Western versus eastern

The crisis in global media today is not a problem of western ideals, as Seneviratne seems to suggest, and replacing it with ‘eastern’ ideals might not be the ideal solution because the the history of the east is less promising when it comes to appreciating freedom of speech and including public opinion. Also, given the toxic strands of anti-westernism and anti-intellectualism gaining momentum in eastern public debates, including in India, such arguments can become really counterproductive and antidemocratic.

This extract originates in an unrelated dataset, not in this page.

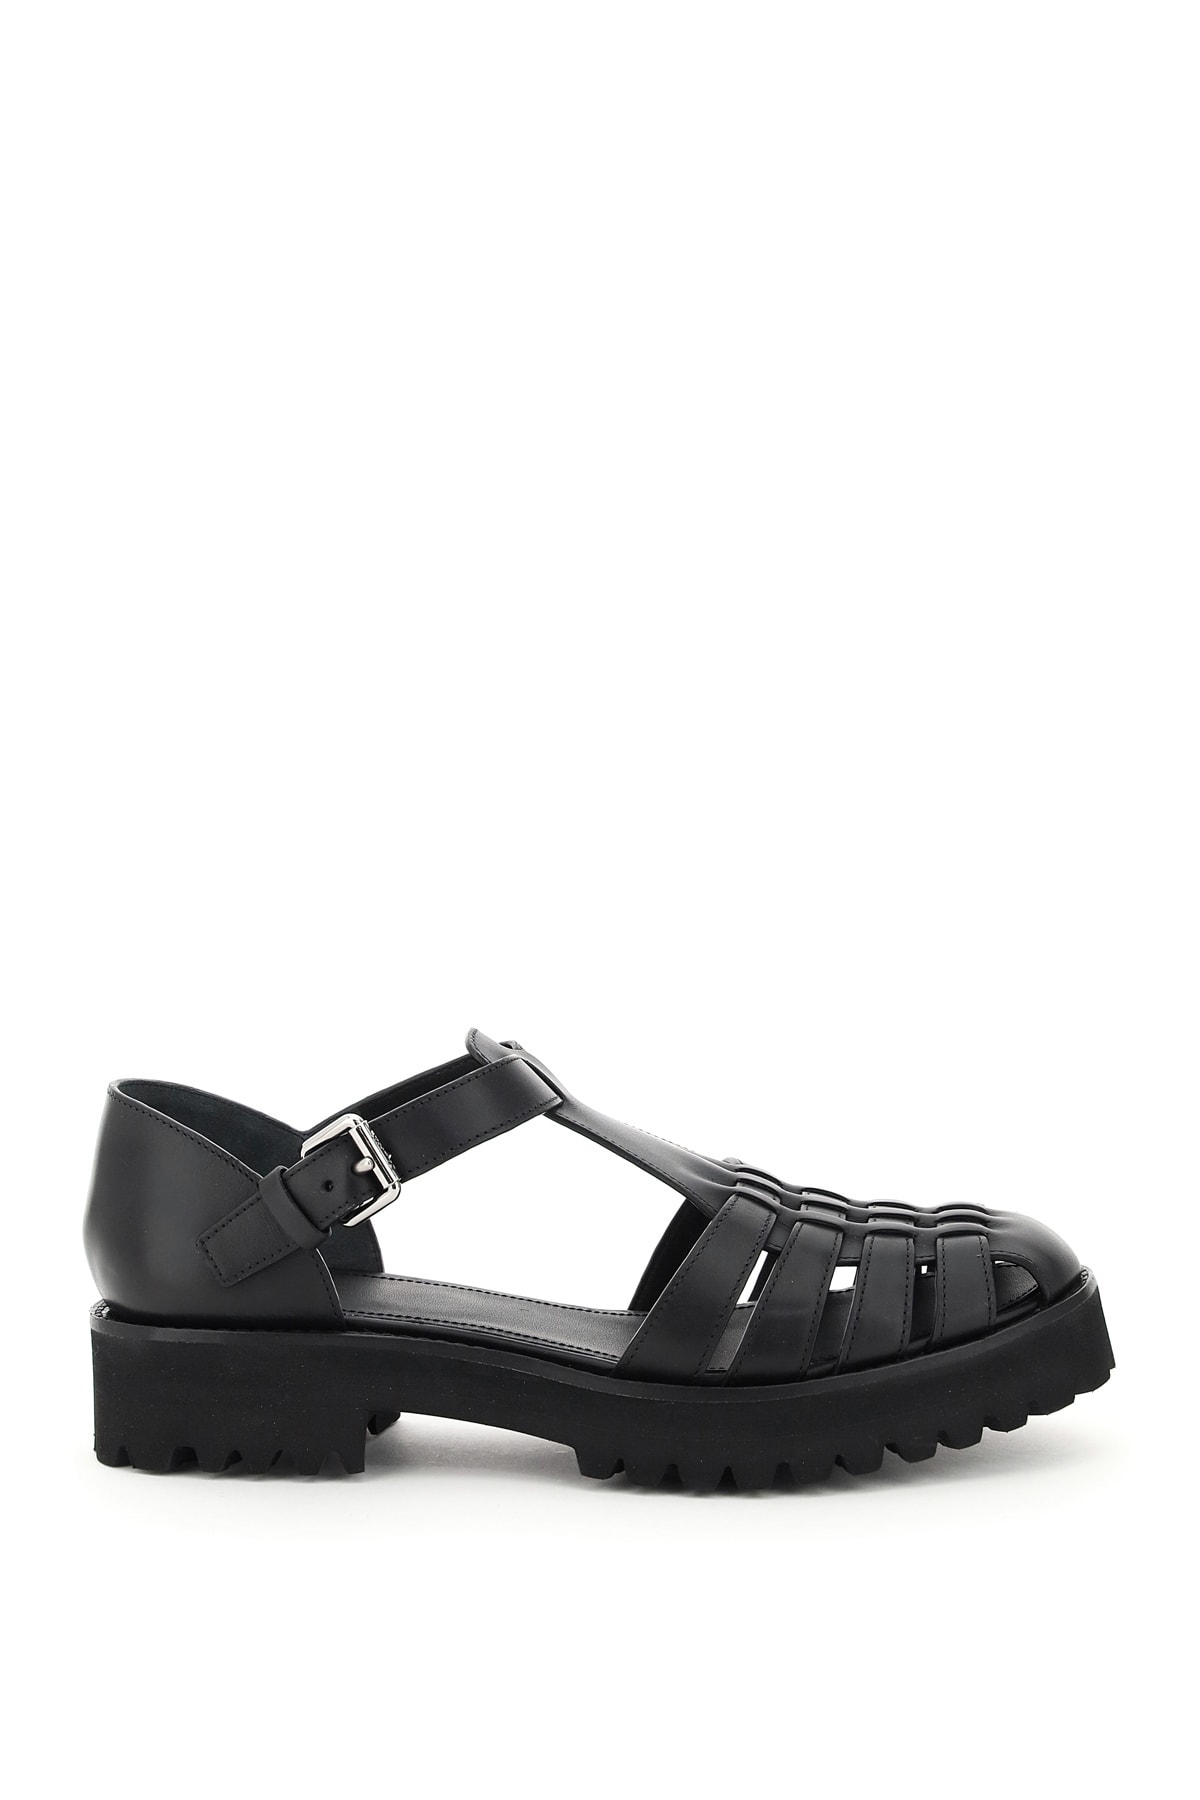 Church's KELSEY LEATHER SANDALS
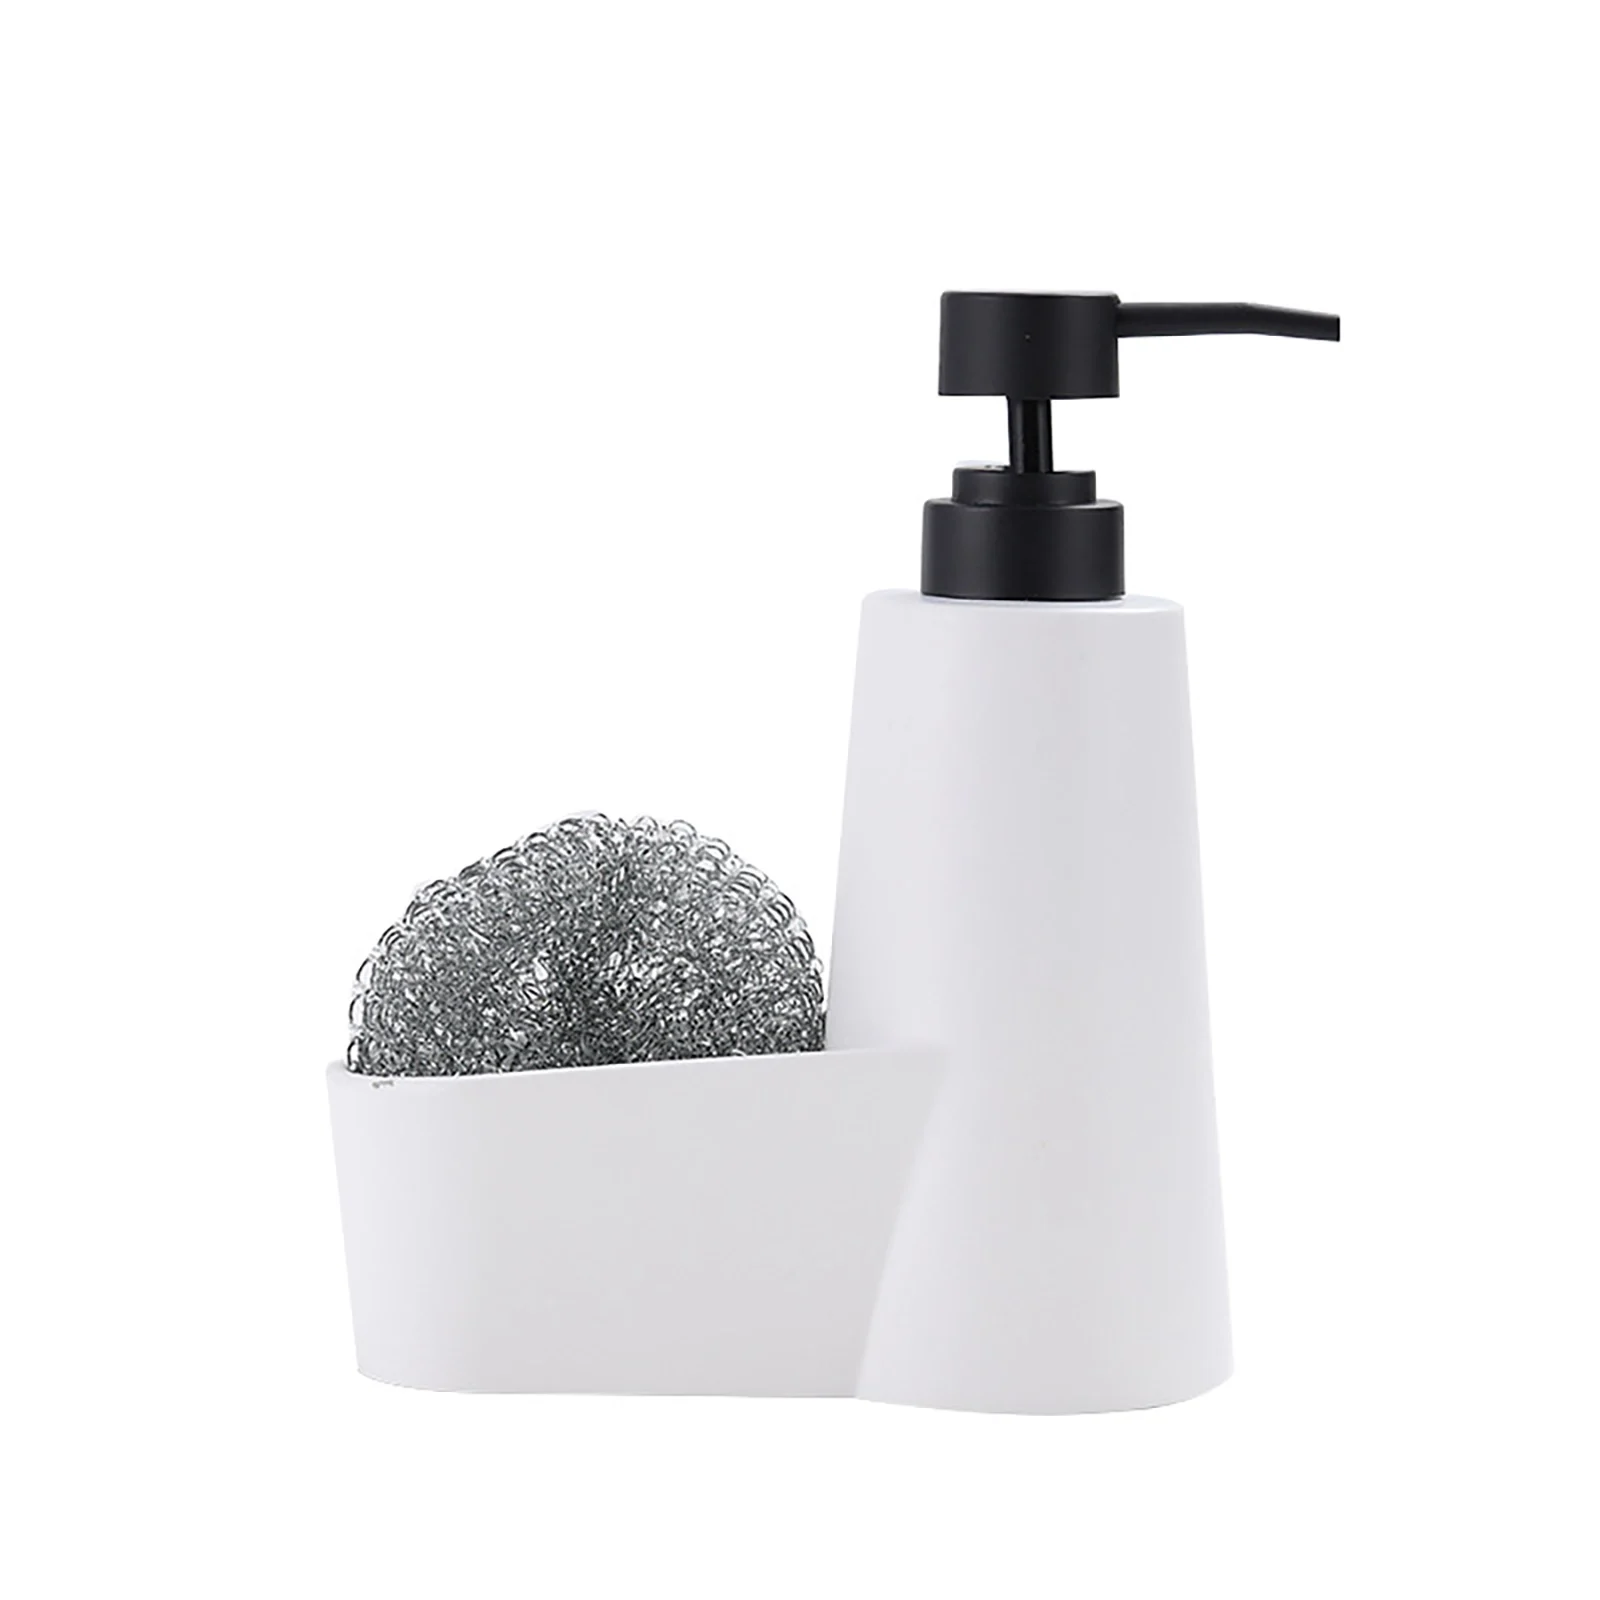 

Kitchen Liquid Hand Soap Dispenser With Storage Compartment Holds Dish Sponges Scrubbers For Sink Countertop Bottling

Seneviratne tackles the fake-news menace a little differently. Analysing how Donald Trump ridicules the likes of CNN by calling their work fake news, Seneviratne says such acts reflect tendencies to suppress alternative opinions and the trends are visible across the globe. That said, Seneviratne doesn’t seem to be equally bothered about how right-wing propaganda machineries churn out misinformation, especially in countries like India, and prefers to stay surprisingly neutral.

That said, Seneviratne’s book is a must read for all media practitioners, journalism students and any one interested in the current crisis of the global media industry. It is meticulously researched and well-written.